"Big" Paul Williams (Paul Humphrey) is an American bluegrass and gospel musician. He took the surname Williams when he began his musical career in the early 1950s. He was guitarist and lead singer for the Lonesome Pine Fiddlers before replacing Earl Taylor in the Sunny Mountain Boys in 1957, playing mandolin and being featured regularly as a lead singer.

He played with Jimmy Martin at the height of the Sunny Mountain Boys career, recording steadily through 1962 and at times competing for popularity with Elvis Presley. Williams is said to have helped shape Martin's sound. He was present in the recording process for what Martin has said were the "biggest selling records I've ever done." Williams co-wrote the perennially popular hit "Hold Watcha Got."

During William’s career he managed to write many iconic bluegrass songs that are now held highly with significant historical value. Songs such as Mr. Engineer, My Walkin’ Shoes Don’t Fit Me Anymore, Steppin’ Stones, Hold Watcha Got, Don’t Cry To Me, Prayer Bells Of Heaven and I Like To Hear Them Preach It, Brown Eyed Darling, Just to name a few. 

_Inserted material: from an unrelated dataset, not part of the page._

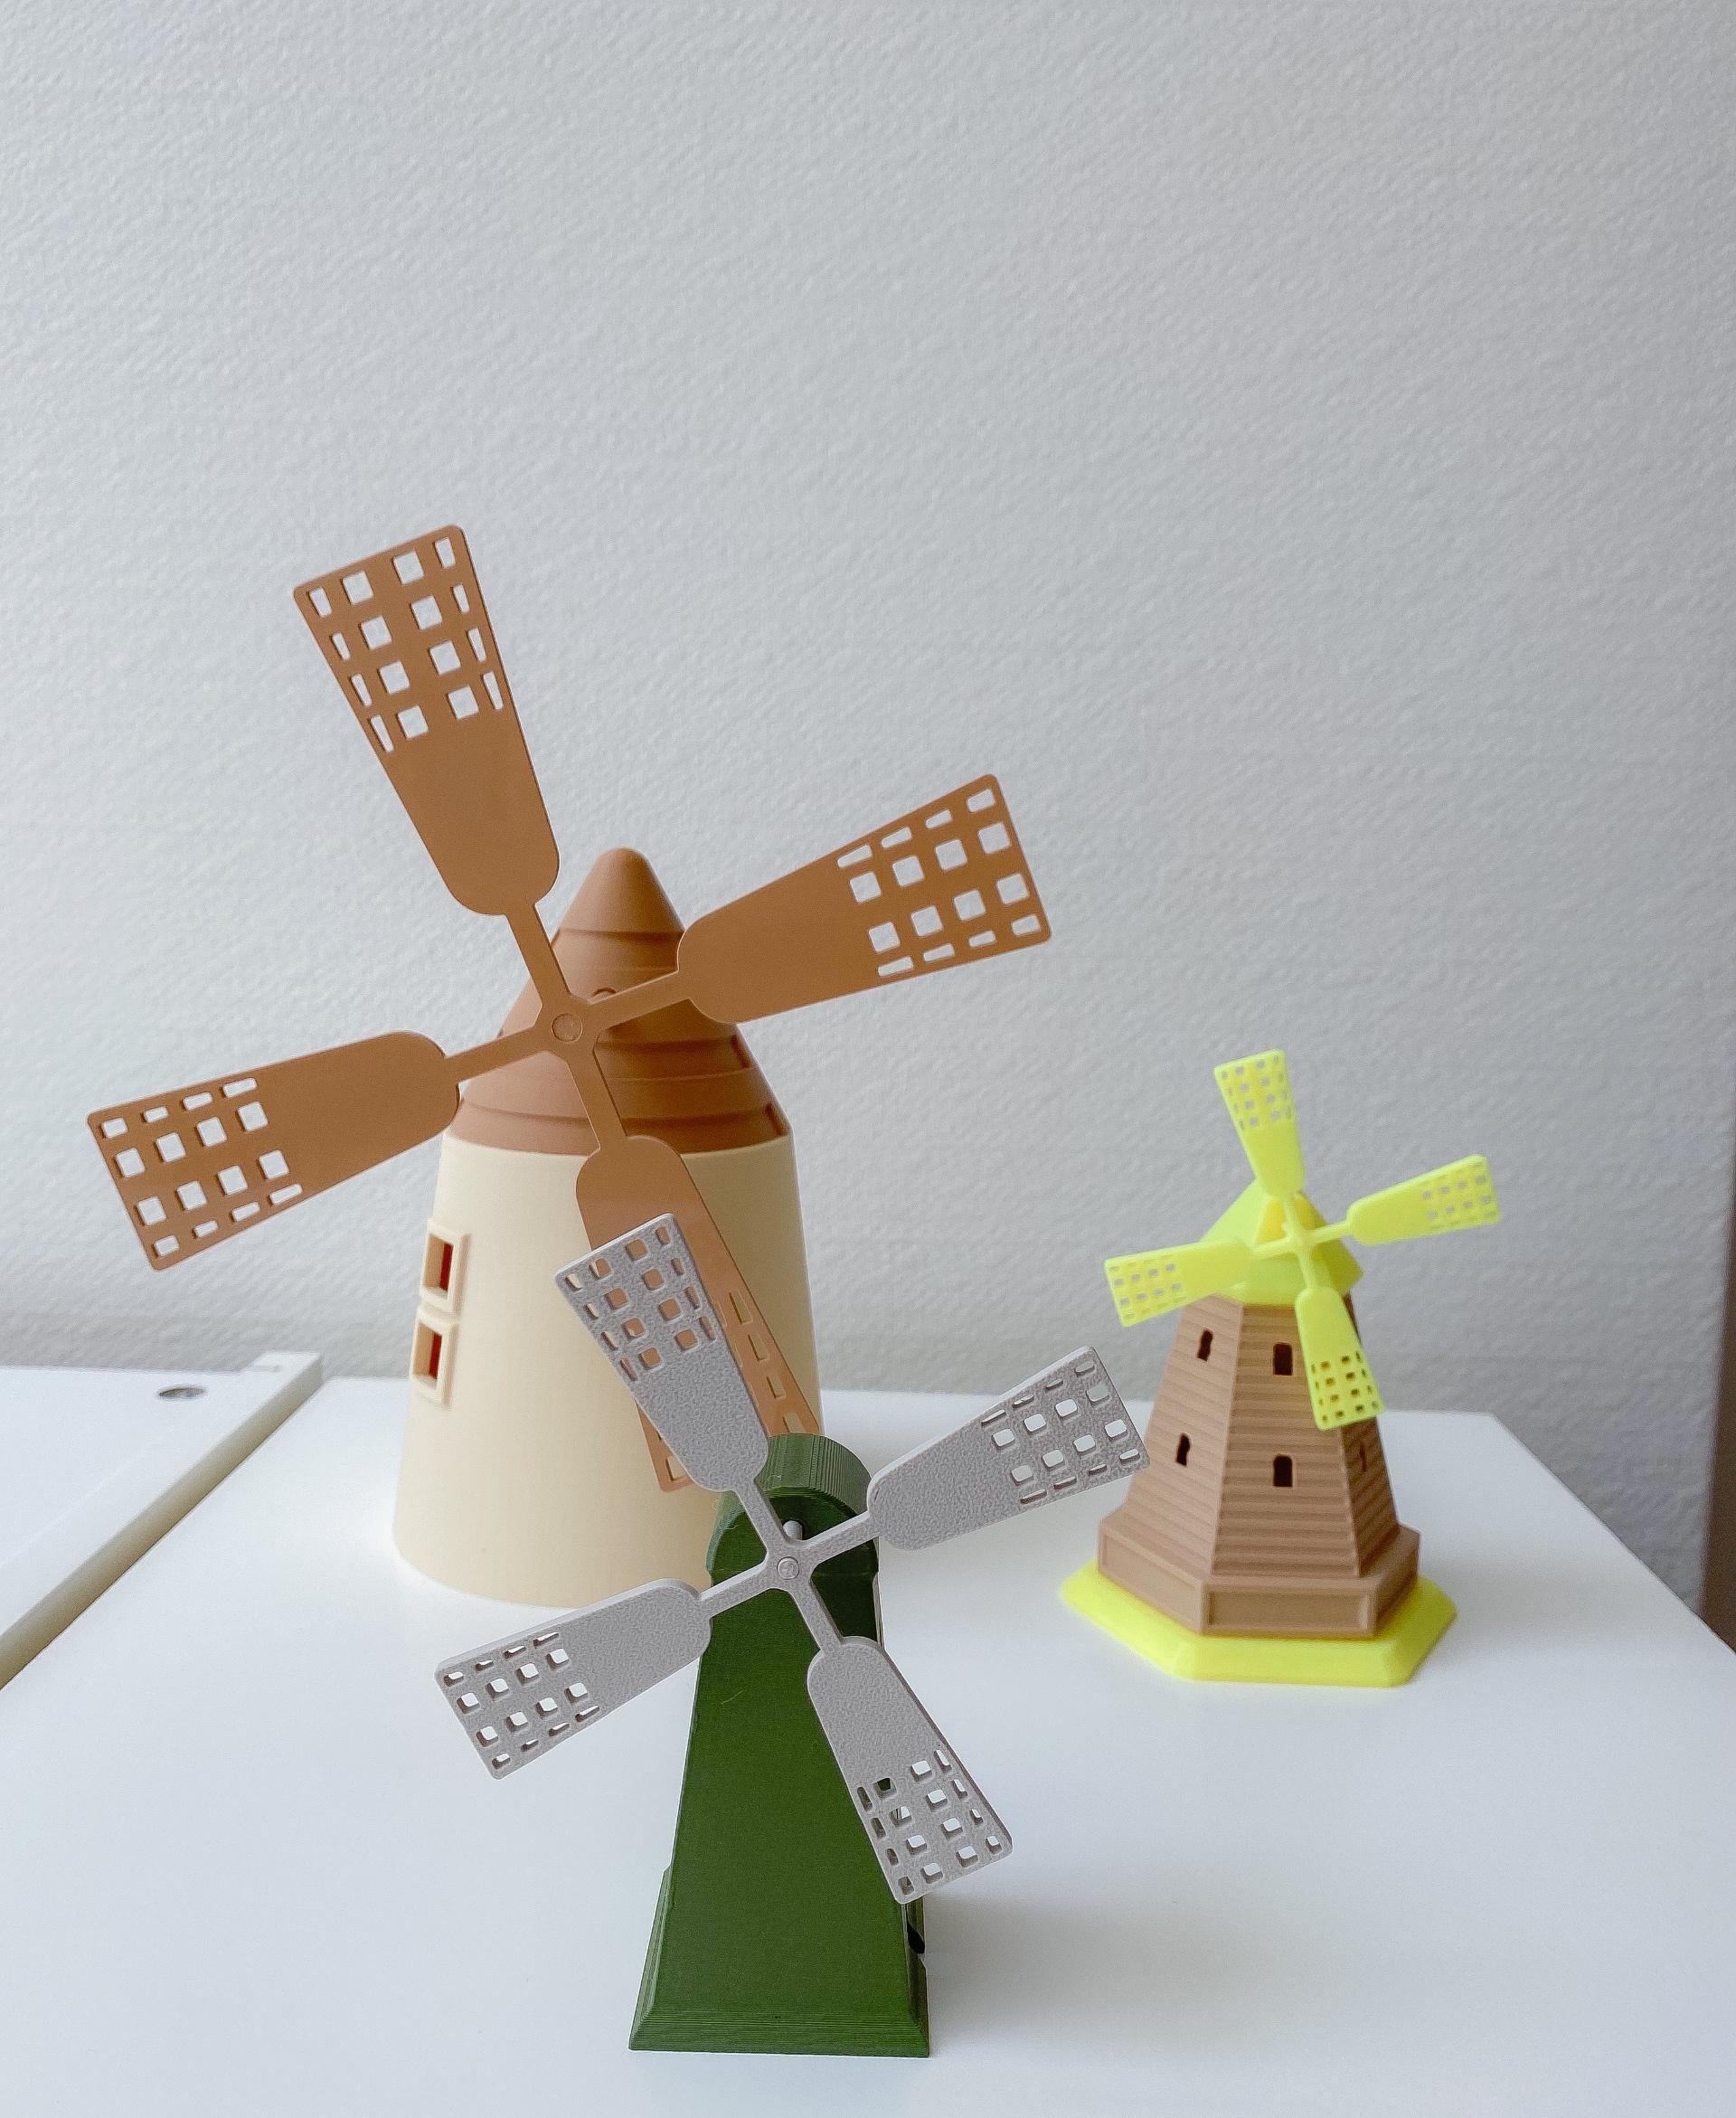 Windmill 7.7 - Beautiful windmills!
Polymaker filament. - 3d model

Williams left from Jimmy Martin and the Sunny Mountain Boys in 1962. He married Jimmy Martin's half sister who told him that "he couldn't play bluegrass music and live for the Lord." He went on to play gospel music with the Northside Quartet and later on achieved some success and a Grammy nomination with the Victory Trio, based out of his hometown, Morristown, Tennessee. 

Williams started his own band the Victory Trio in 1995 with Banjo player Jerry Keys, Bass player Susie Keys along with Dan Moneyhun and Adam Winstead. His band has alway been considered a vessel to spread the Christian faith for Williams. 

Shortly after retiring from touring with the victory trio Williams teamed up again with Bluegrass legends JD Crowe and Doyle Lawson and recorded a series of albums full of original Jimmy Martin Songs, some of which Williams helped write.

References

Bibliography
 Donaghey, Bob (1999) Bluegrass Yearbook: Your Favorite Bluegrass Festival Performers, p. 3-4,  .
 Willis, Barry R. & Dick Weissman (1989) America's Music: Bluegrass: A history of bluegrass music in the words of its pioneers, p. 162, 217, 268, 272, 458, 519,  .
 Rice, Wayne (1999) Bluegrass Bios: Profiles of the Stars of Bluegrass, p. 118, no ISBN .
 Rice, Wayne (2002) Bluegrass Bios: Profiles of the Stars of Bluegrass, p. 137, no ISBN .
 Lawless, John. "Paul Williams Hangs up His Walkin' Shoes." Bluegrass Today, December 13, 2016. https://bluegrasstoday.com/paul-williams-hangs-up-his-walkin-shoes/. 
 Thompson, Richard. "On This Day #37 - Paul Williams." Bluegrass Today, December 13, 2016. https://bluegrasstoday.com/on-this-day-37-paul-williams/. 
 Thompson, Richard. "Don't Give Your Heart to a Rambler – Barbara Martin Stephens." Bluegrass Today, August 9, 2018. https://bluegrasstoday.com/dont-give-your-heart-to-a-rambler-barbara-martin-stephens/.

External links 
 Paul Williams' Rebel Records Artist Page
 Rice, Wayne, BluegrassBios.com, Profiles of the Stars of Bluegrass, Retrieved August 3, 2017 .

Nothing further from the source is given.